Dataset records
***

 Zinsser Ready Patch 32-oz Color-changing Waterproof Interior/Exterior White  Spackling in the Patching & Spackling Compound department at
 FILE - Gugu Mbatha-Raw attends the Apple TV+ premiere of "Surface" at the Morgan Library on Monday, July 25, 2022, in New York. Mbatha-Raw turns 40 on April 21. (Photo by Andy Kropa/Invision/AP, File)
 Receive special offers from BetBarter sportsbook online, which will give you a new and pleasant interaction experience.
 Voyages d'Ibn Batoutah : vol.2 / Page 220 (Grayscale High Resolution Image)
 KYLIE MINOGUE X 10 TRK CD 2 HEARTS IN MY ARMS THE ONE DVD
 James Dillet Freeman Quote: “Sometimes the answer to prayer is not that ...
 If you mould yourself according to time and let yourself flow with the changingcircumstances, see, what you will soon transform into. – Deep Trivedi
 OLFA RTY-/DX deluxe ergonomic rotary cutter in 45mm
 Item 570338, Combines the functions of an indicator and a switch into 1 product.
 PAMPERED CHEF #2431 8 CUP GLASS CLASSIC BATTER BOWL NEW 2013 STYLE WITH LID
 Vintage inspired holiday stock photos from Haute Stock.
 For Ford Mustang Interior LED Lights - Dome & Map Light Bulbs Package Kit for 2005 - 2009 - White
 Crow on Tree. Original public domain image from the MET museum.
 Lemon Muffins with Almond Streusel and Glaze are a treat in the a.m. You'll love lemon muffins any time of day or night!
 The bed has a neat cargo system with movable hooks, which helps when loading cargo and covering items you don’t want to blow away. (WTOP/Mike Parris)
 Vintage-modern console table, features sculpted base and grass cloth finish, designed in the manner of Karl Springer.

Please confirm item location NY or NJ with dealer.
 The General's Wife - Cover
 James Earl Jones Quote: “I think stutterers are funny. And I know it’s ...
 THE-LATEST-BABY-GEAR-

***

__WORK ORDER__
Write down all of the records again, word for word.

__RESULT FOR THIS EXERCISE__
 Zinsser Ready Patch 32-oz Color-changing Waterproof Interior/Exterior White  Spackling in the Patching & Spackling Compound department at
 FILE - Gugu Mbatha-Raw attends the Apple TV+ premiere of "Surface" at the Morgan Library on Monday, July 25, 2022, in New York. Mbatha-Raw turns 40 on April 21. (Photo by Andy Kropa/Invision/AP, File)
 Receive special offers from BetBarter sportsbook online, which will give you a new and pleasant interaction experience.
 Voyages d'Ibn Batoutah : vol.2 / Page 220 (Grayscale High Resolution Image)
 KYLIE MINOGUE X 10 TRK CD 2 HEARTS IN MY ARMS THE ONE DVD
 James Dillet Freeman Quote: “Sometimes the answer to prayer is not that ...
 If you mould yourself according to time and let yourself flow with the changingcircumstances, see, what you will soon transform into. – Deep Trivedi
 OLFA RTY-/DX deluxe ergonomic rotary cutter in 45mm
 Item 570338, Combines the functions of an indicator and a switch into 1 product.
 PAMPERED CHEF #2431 8 CUP GLASS CLASSIC BATTER BOWL NEW 2013 STYLE WITH LID
 Vintage inspired holiday stock photos from Haute Stock.
 For Ford Mustang Interior LED Lights - Dome & Map Light Bulbs Package Kit for 2005 - 2009 - White
 Crow on Tree. Original public domain image from the MET museum.
 Lemon Muffins with Almond Streusel and Glaze are a treat in the a.m. You'll love lemon muffins any time of day or night!
 The bed has a neat cargo system with movable hooks, which helps when loading cargo and covering items you don’t want to blow away. (WTOP/Mike Parris)
 Vintage-modern console table, features sculpted base and grass cloth finish, designed in the manner of Karl Springer.

Please confirm item location NY or NJ with dealer.
 The General's Wife - Cover
 James Earl Jones Quote: “I think stutterers are funny. And I know it’s ...
 THE-LATEST-BABY-GEAR-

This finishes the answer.